The way I got myself out of this behavior in recovery was to always remind myself that I wanted to keep eating all the foods I genuinely like, and I wanted to continue being an intuitive eater because it was important for my mental health, not just my physical body. Our mind and body are interconnected. They work together. I knew that restricting the “unhealthy” foods actually made me crave them even more in the long run. Restriction made me binge-prone and obsessed. It’s only when I allow all kinds of foods in my diet, with no restriction, that I don’t crave them so often or in as large amounts. I saw that for my physical health, it was wiser to eat them every now and again than to restrict them completely and then have binge episodes, cravings, food-related stress, and obsession.
5. Former triggering eating disorder behaviors
Any diet behavior will trigger you to relapse and can be a sign that you are already relapsing. Weighing and measuring yourself, body-checking, Paleo/low-fat/gluten-free diet recipe searching or following –all of these previous eating disorder behaviors are signs of relapse or impending relapse. Communicating with other eating disordered people who are not recovering can be a trigger for you as can calorie counting to make sure you do not eat “too much” or eating from blue dishes with chopsticks. You know your former disordered behaviors better than anybody so make sure you get them out of your life for good!
6. Trying to be perfect in recovery
It’s important to realize that recovery is not another diet where you fail. Even though I listed here all possible triggers for your eating disorder, I want to tell you that it’s not possible to be one hundred percent perfect in recovery. Erasing all your triggers and going to full recovery with absolutely no setbacks? Maybe it happens in recovery fairyland, but that’s not real life. Recovery is a journey, and all mistakes are learning experiences.
Nobody expects you to be perfect. Be realistic instead! Expecting to be perfect is another sure way to trigger relapse because if something goes wrong (and it will!), you might just give up altogether because you’ll automatically think it isn’t working. It’s the mindset of “Oh well… I screwed up today so I might as well binge and purge for the rest of the night and start tomorrow…”. If you have this mindset in recovery you will already set yourself up for a failure.
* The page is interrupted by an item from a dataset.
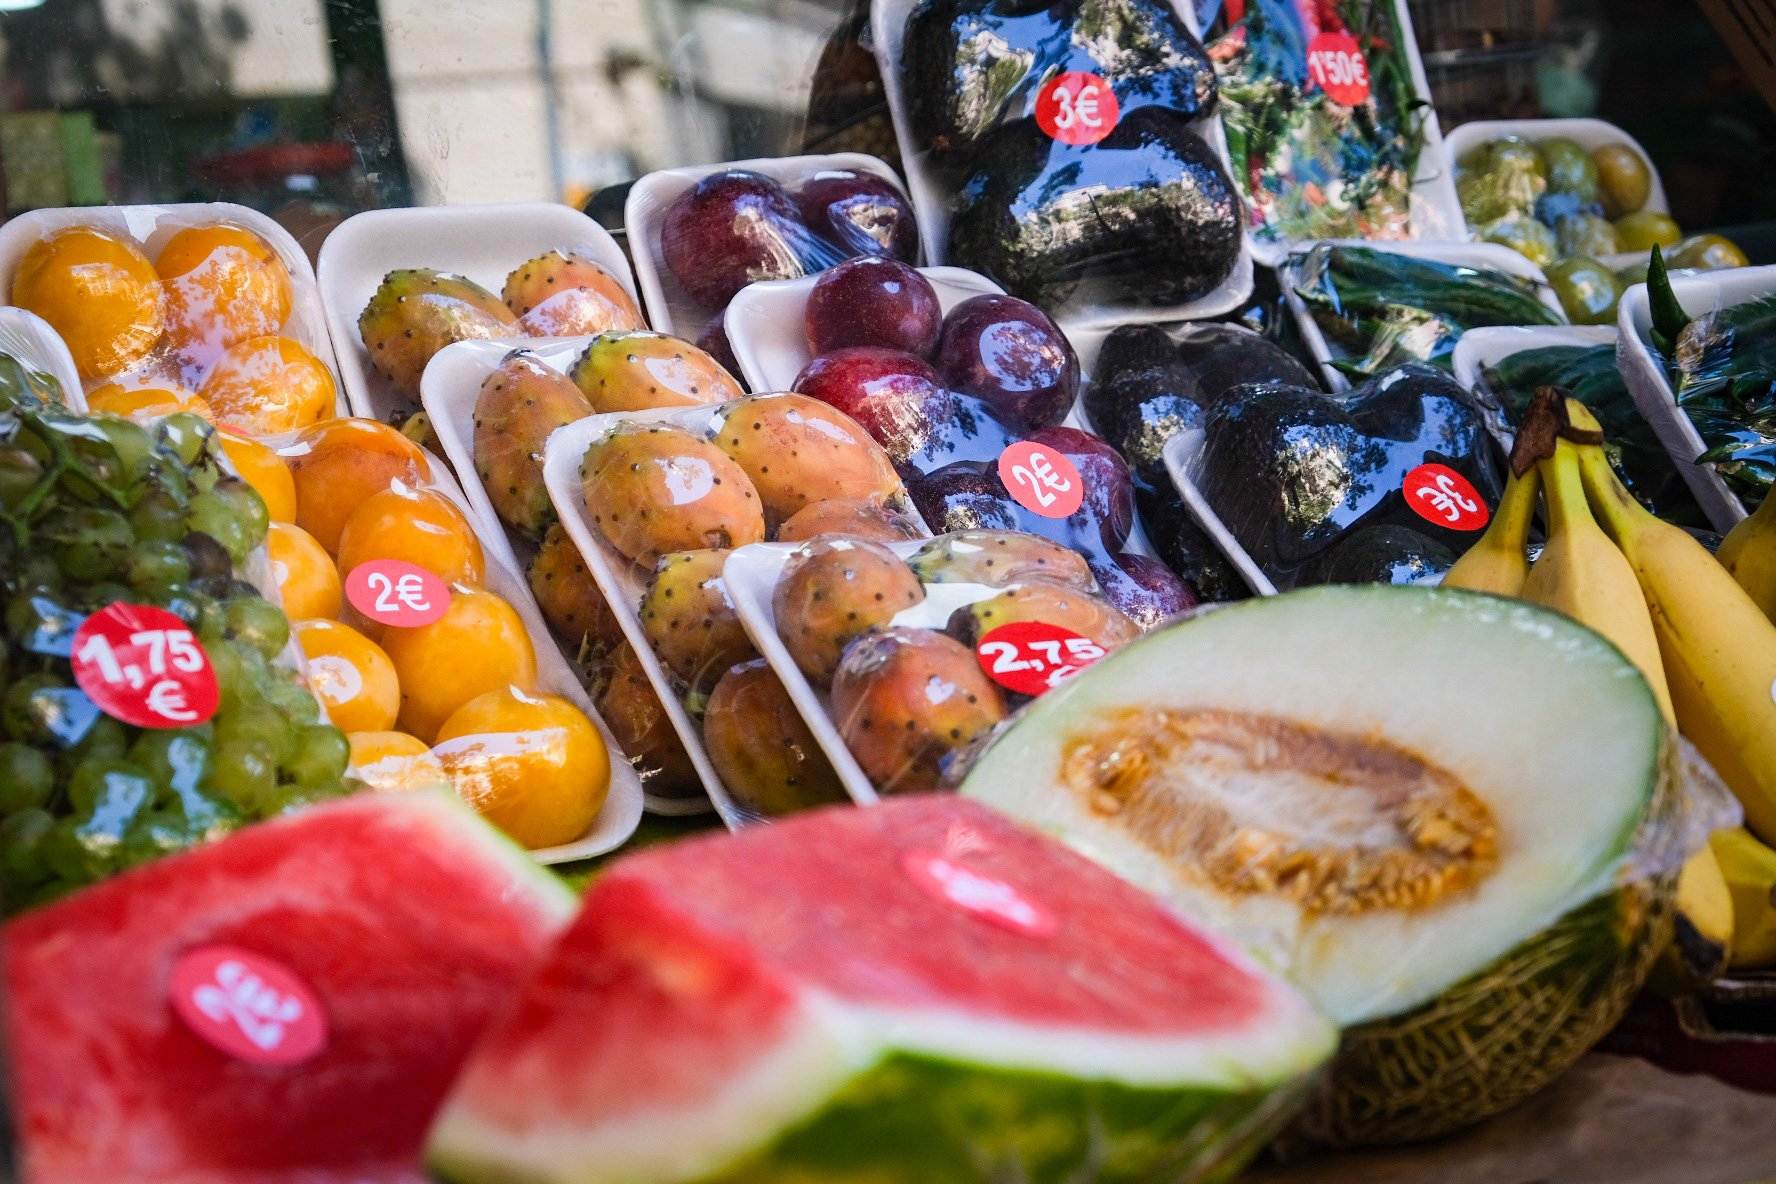 Per què els comerços continuen venent la fruita envasada en plàstic si una nova llei ho prohibeix?

If you climb a mountain and fall a few steps back because there were some loose rocks you didn’t expect, it doesn’t mean you have to go all the way back down and start again from ground zero…or you should start intentionally loosening even more rocks because you can start climbing again from “tomorrow” (makes no sense!). Taking a few steps back does not mean you have to start from the beginning… or that you have to make it even worse by quitting recovery today by going into a full-blown ED-mode because you can start “fresh” from tomorrow…(insanity!) Instead, celebrate the road you have traveled thus far in your recovery, and just continue going!